Applications in medical imaging include:
- Segmentation: Prakram et al. reviewed unsupervised clustering-based methods for medical image segmentation, from segmenting lung nodules in CT scans and skin lesions in dermoscopy to identifying leukemia cells in microscope images and brain tumors in MRI.
- Registration: Liu et al. proposed ScaMorph, an unsupervised model for deformable image registration (DIR) that integrates convolutional neural networks with vision transformers. The model was evaluated across 3D tasks, including brain MRI and abdominal CT registration, and consistently outperformed previous methods.
- Anomaly detection: Baur et al. presented a comparative study on unsupervised anomaly detection (UAD) in brain MRI. Early work focused on clustering-based detection, while recent approaches combine generative models to directly detect and segment anomalies from imperfect reconstructions.
The figure below illustrates the unsupervised learning workflow: the model is trained directly on unlabeled data to discover patterns, clusters, or meaningful representations without predefined labels.

Self-supervised learning
Self-supervised learning (SSL), a branch of unsupervised learning, aims to extract meaningful and discriminative representations directly from unlabeled data, without requiring human annotations .
In SSL, the model learns by solving a pretext task that it generates from the data itself – for example, predicting a missing patch, estimating an image’s rotation, or determining whether two views originate from the same source.
A typical SSL workflow involves two stages:
- Pretraining: the model solves a designed pretext task, where pseudo-labels are automatically generated from the data’s own structure and attributes.
- Fine-tuning or direct assessment: after pretraining, the model can either be fine-tuned on a labeled downstream task or directly evaluated to assess the quality of its learned representations .

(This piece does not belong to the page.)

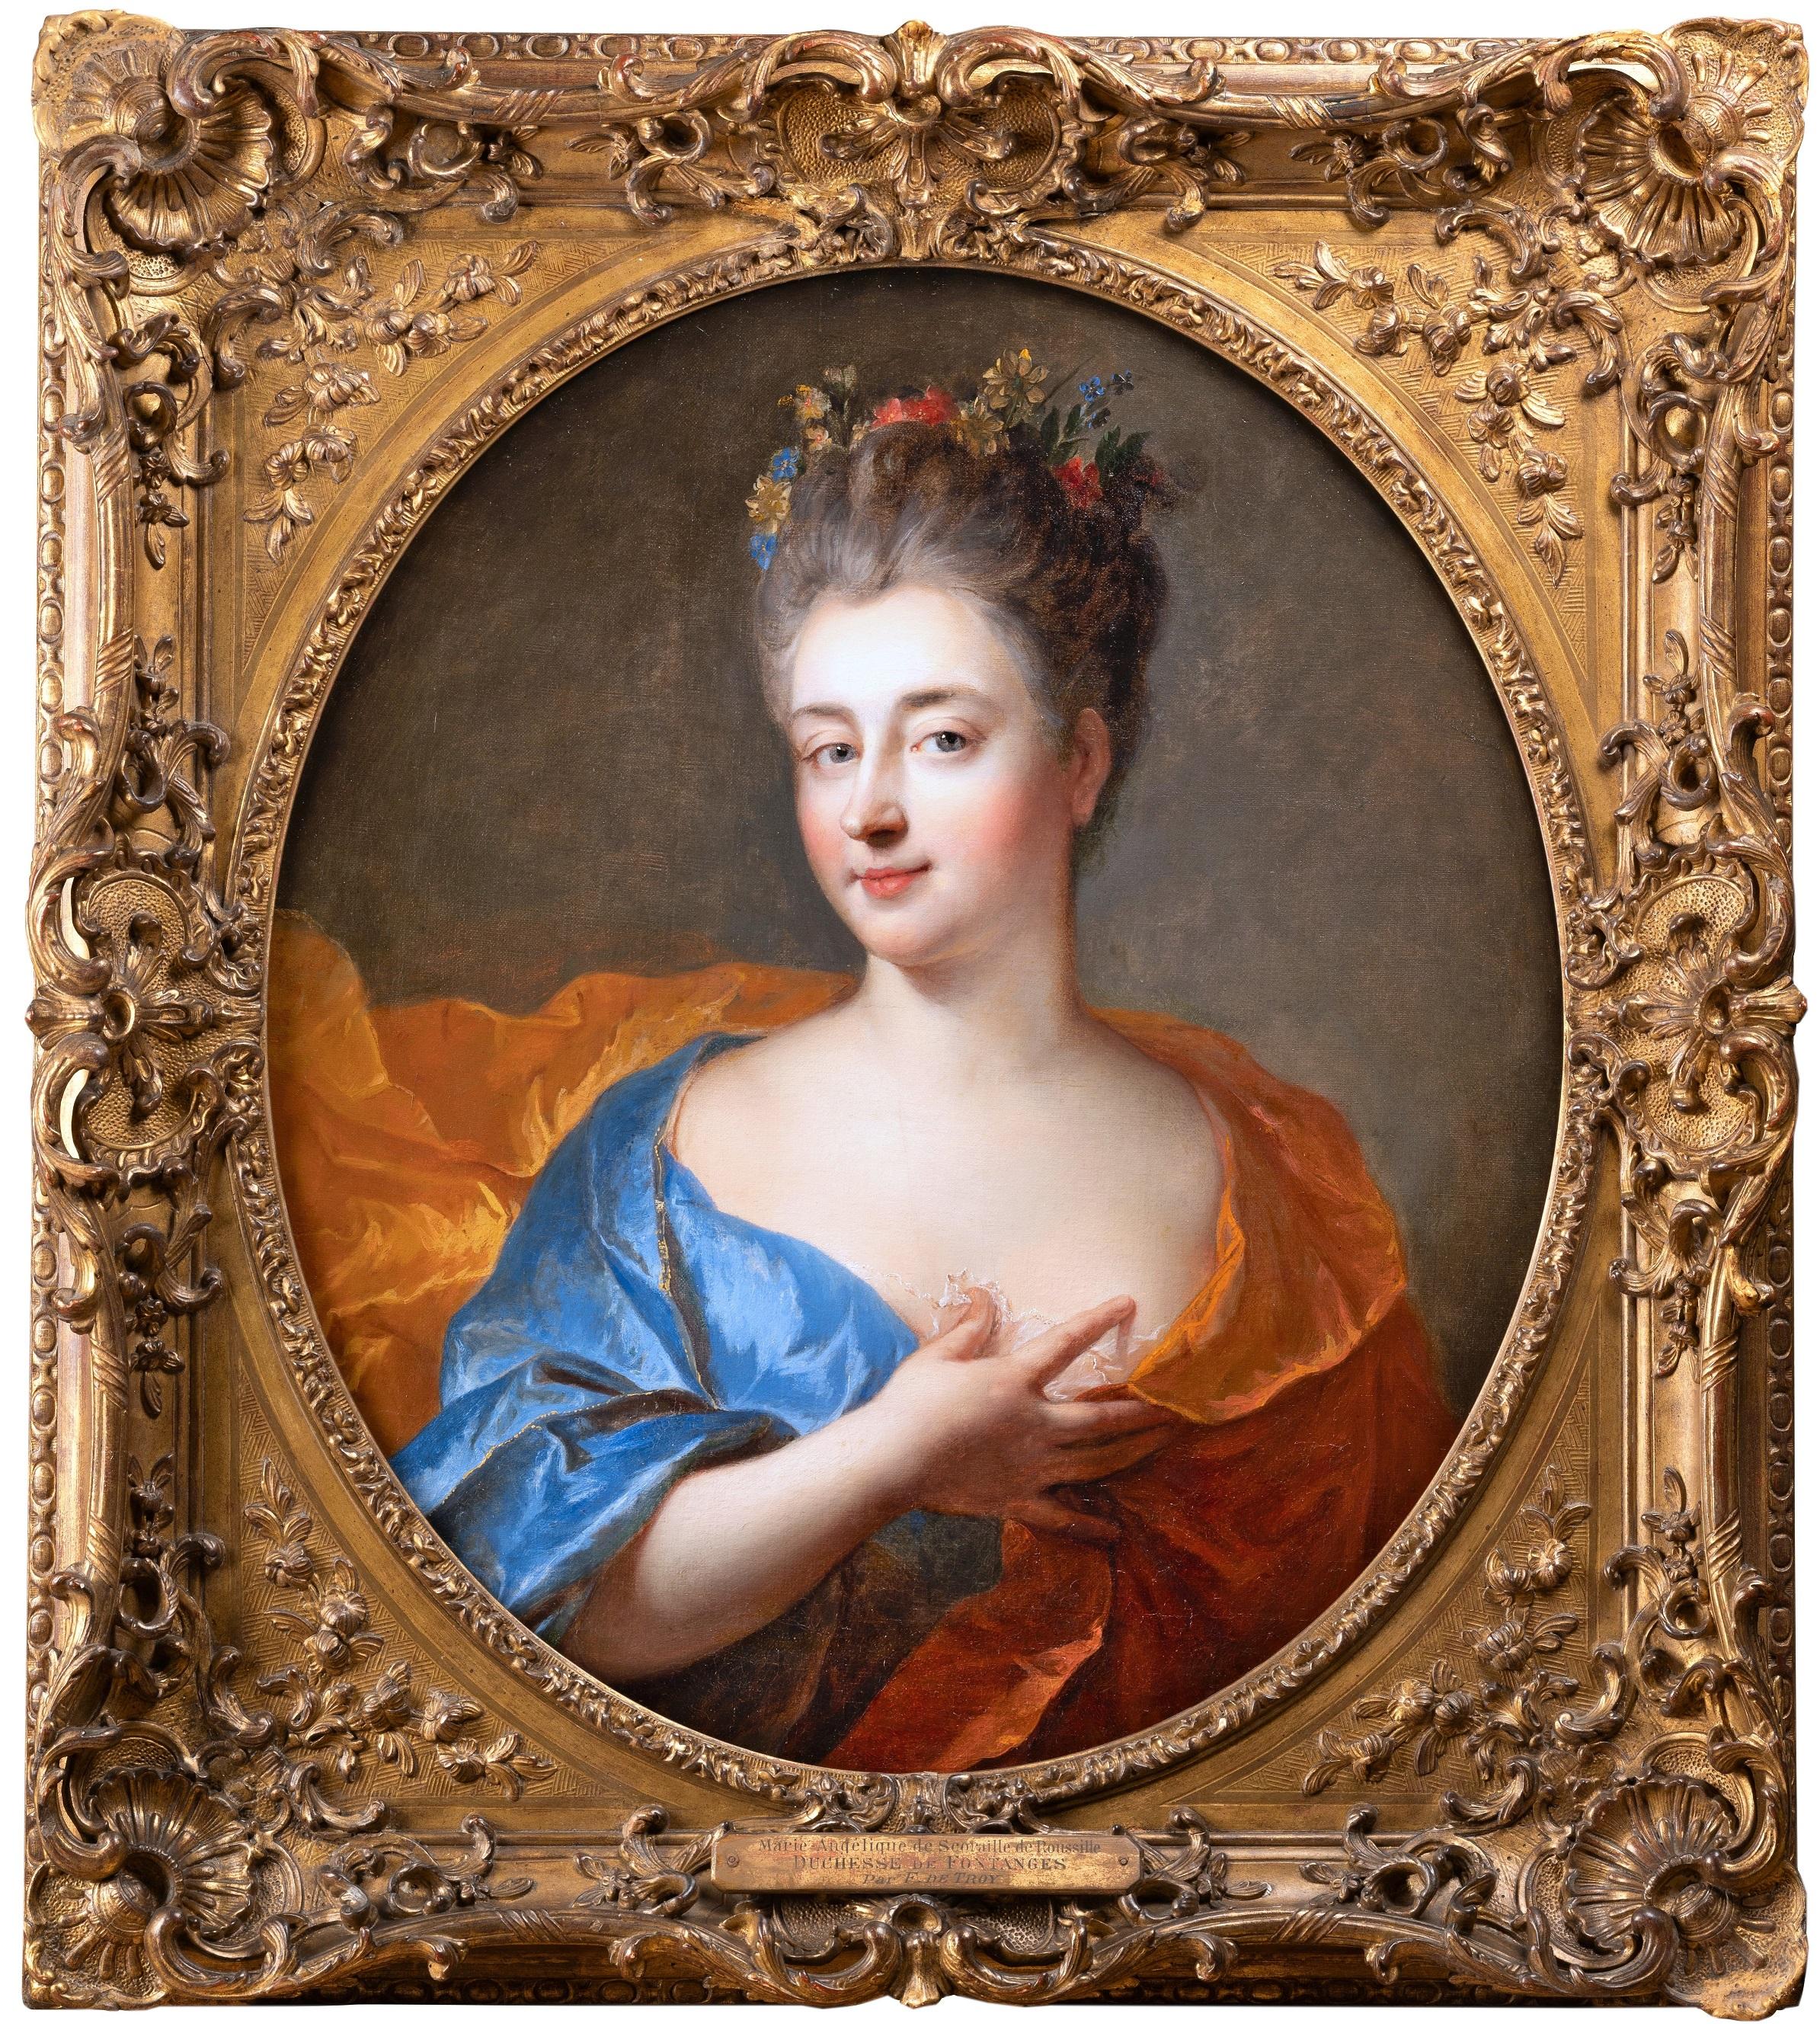 François de Troy (Toulouse 1645 - Paris 1730) Portrait Painting - 18th century French - Portrait of Duchesse de Fontanges by François de Troy

Many studies have found that models perform better on downstream tasks when their feature extractors start from self-supervised pretrained weights rather than being trained from scratch with random initialization .
Pretraining generally helps models learn more efficiently, whether it’s used as an initial step with all labeled data or, more importantly, when labeled samples are scarce.
Applications in medical imaging:
A survey by VanBerlo et al. confirmed this trend, showing that self-supervised pretraining consistently improves downstream performance in radiography, CT, MRI, and ultrasound tasks.
The survey also highlights numerous clinical applications where SSL has proven beneficial – including breast cancer recognition in mammography, organ-at-risk segmentation in CT, brain and lesion segmentation in MRI, and fetal analysis in ultrasound imaging, among others.
The figure below illustrates the self-supervised learning workflow: the model first learns from unlabeled data through a pretext task with automatically generated pseudo-labels. It then transfers the learned representations to downstream tasks using labeled data.

Summary of learning paradigms
The following table summarizes how each learning paradigm handles labels and what it aims to achieve.
| Labels | Summary | |
|---|---|---|
| Semi-supervised | ✅ Few labeled dataset + many unlabeled ones | Combines labeled and unlabeled data in training |
| Unsupervised | ❌ None | Learns patterns or clusters directly from data |
| Self-supervised | 🧠 Generated automatically from pretext task | Learns from pseudo-labels derived from the data itself |
Conclusion
These techniques are transforming how we train AI in data-limited domains such as medical imaging. By learning from both labeled and unlabeled data, they enable more efficient use of existing resources, reduce dependence on costly manual annotations, and accelerate the translation of AI models into clinical practice.
In the upcoming articles of the Reducing Data Dependency series, I’ll explore each learning paradigm in greater depth, with practical examples, visual explanations, and insights from recent research.